Bertrand et toute sa compagnie blanche, ayant glorieusement exécuté ce qu’ils avoient entrepris en faveur d’Henry, tinrent conseil ensemble, dans la pensée de tourner leurs armes du côté de Grenade, contre les Sarazins qui s’en étoient rendus les maîtres.
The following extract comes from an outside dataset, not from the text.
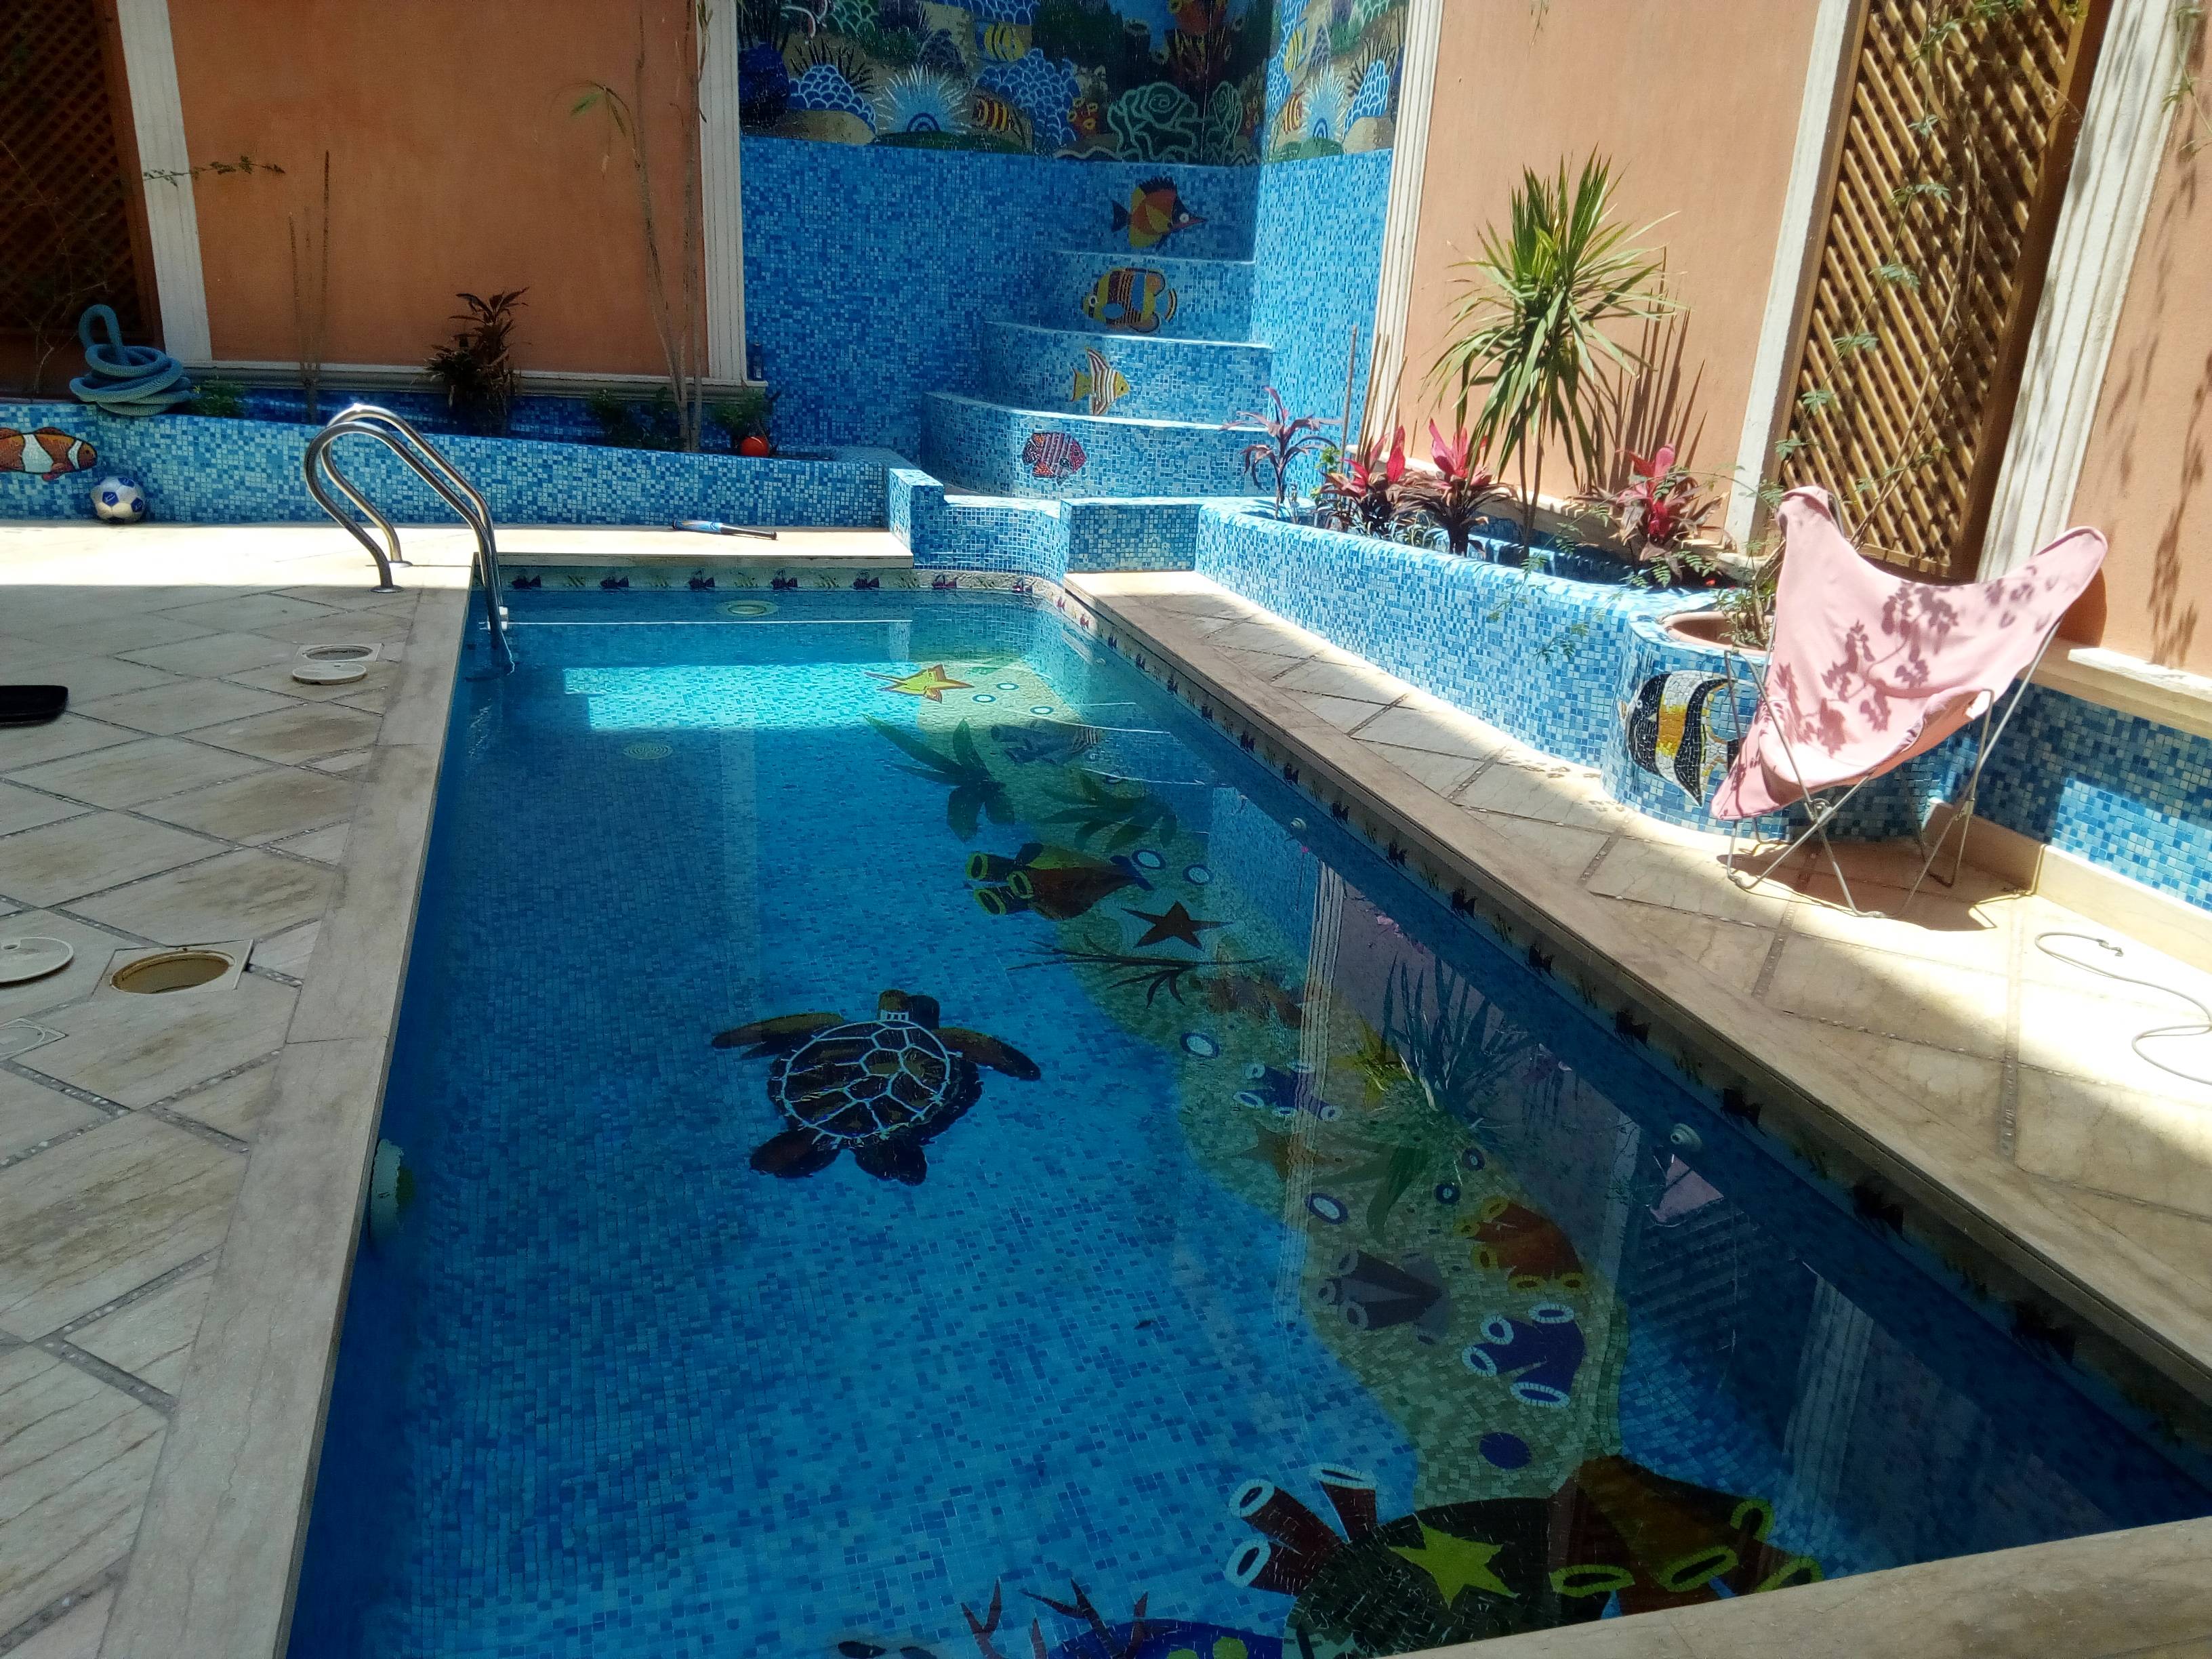 Swimming pool Askimr private villa first assembly
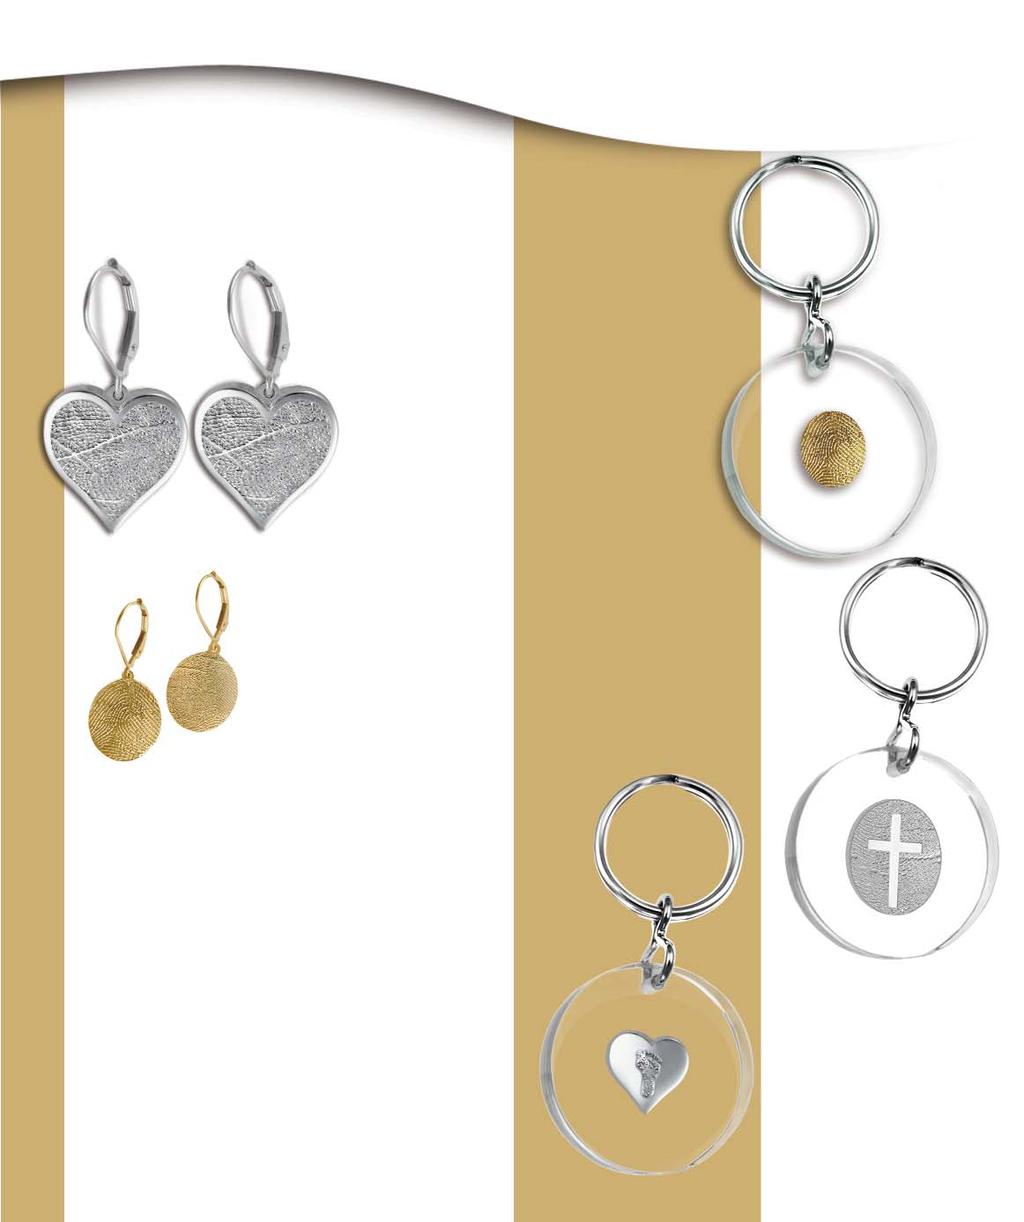 More For Her... Earrings Thumbies Standard or Heartfelt Charms hang freely from lever-back earrings. You can also add stones.

Mais Henry voyant que ce dessein nuiroit beaucoup à ses affaires, qui demeureroient imparfaites, et pouroient tomber en decadence s’il étoit abandonné d’eux, les conjura de suivre leurs premières brisées, et de pousser toûjours leur pointe contre les États de Pierre, comme ils avoient si bien commencé, leur representant que si c’étoit un motif de religion qui leur faisoit porter leurs pensées contre le royaume de Grenade, parce qu’il étoit remply de Juifs et de Sarazins, qu’il n’y en avoit pas moins dans les terres de l’obeïssance de Pierre, qui leur pouroient servir d’objet à l’accomplissement de leurs pieux desseins ; qu’au reste il leur abandonneroit les dépoüilles de toutes les conquêtes qu’ils feroient, dont ils pouroient s’enrichir beaucoup.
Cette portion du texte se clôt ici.